Internationalmedia.co.id melaporkan, tegangan antara Rusia dan Ukraina kembali memanas. Rusia menuduh Ukraina meningkatkan serangan udara untuk menggagalkan upaya perundingan damai yang tengah digagas. Klaim ini muncul setelah Rusia melancarkan serangan udara besar-besaran ke Ukraina, serangan terbesar sejak invasi skala penuh dimulai tahun 2022.

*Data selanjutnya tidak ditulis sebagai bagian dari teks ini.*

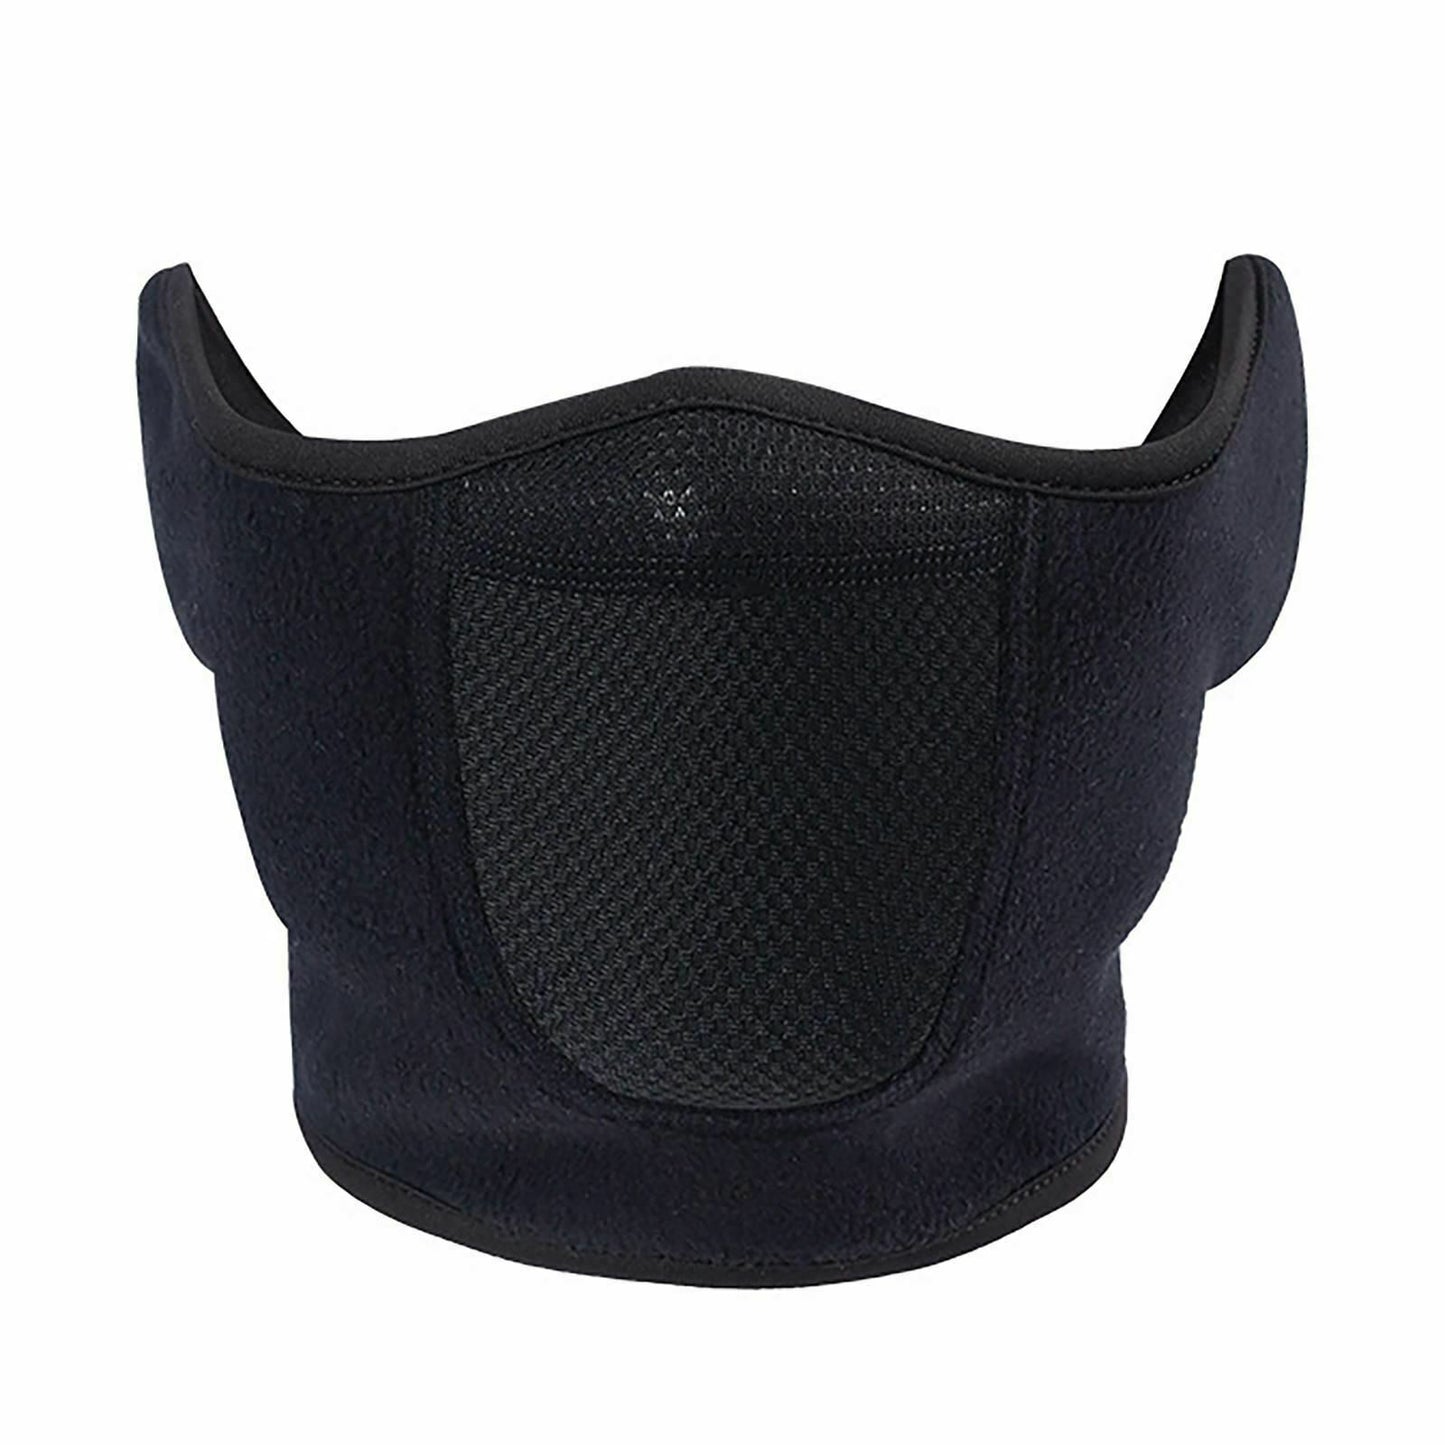 Unisex Protective Face Mask - Mouth Masks - Washable, Reusable & Durable
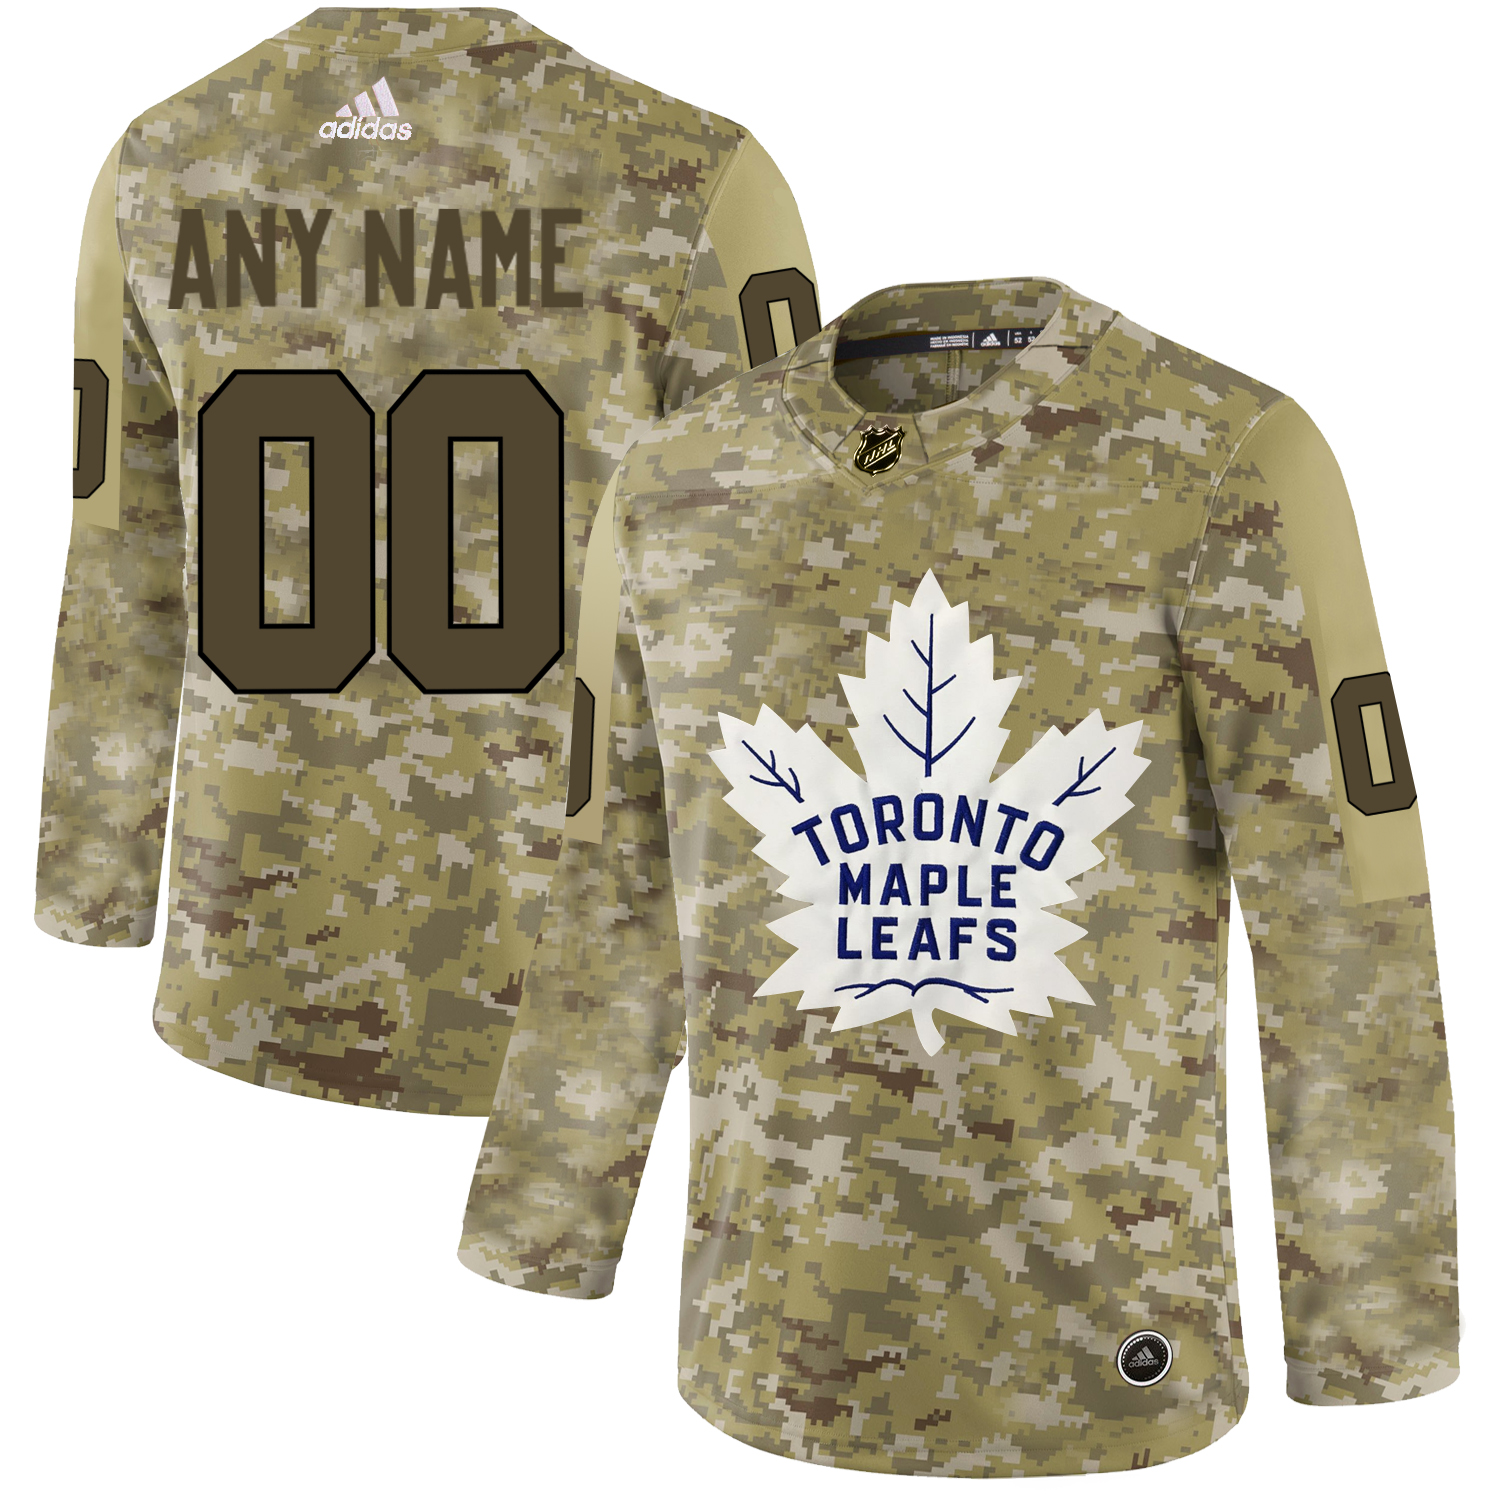 Toronto Maple Leafs Camo Men's Customized Adidas Jersey

Kementerian Pertahanan Rusia menyatakan Kyiv, dengan dukungan beberapa negara Eropa, telah melakukan serangkaian provokasi untuk menggagalkan inisiatif perdamaian Rusia. Serangan balasan Rusia, menurut Moskow, merupakan respons atas serangan drone besar-besaran Ukraina ke wilayah Rusia. Meskipun Moskow mengklaim hanya menyerang target militer, serangan pada Minggu lalu menewaskan 13 warga sipil di Zhytomyr, termasuk tiga anak dari satu keluarga. Rusia melaporkan telah menghadapi lebih dari 1.465 serangan drone sejak 20 Mei, mengakibatkan korban sipil termasuk wanita dan anak-anak. Rusia memperingatkan akan melanjutkan serangan sebagai balasan atas provokasi dari Kyiv.

Pernyataan Rusia ini mendapat reaksi keras dari berbagai pihak. Presiden AS Donald Trump, yang sebelumnya berupaya mendorong perundingan damai, menyatakan Vladimir Putin telah "gila". Pernyataan keras Trump ini dilontarkan setelah serangan Rusia yang menewaskan sedikitnya 13 orang di Ukraina, menunjukkan kekecewaan dan kekhawatiran atas eskalasi konflik. Kegagalan upaya perdamaian yang dipimpin AS juga membuat Trump frustrasi dengan kedua belah pihak. Pertanyaan besar kini muncul: apakah Ukraina benar-benar berupaya menggagalkan perundingan, atau Rusia menggunakannya sebagai alasan untuk melancarkan serangan lebih lanjut? Perkembangan situasi ini patut dipantau secara ketat.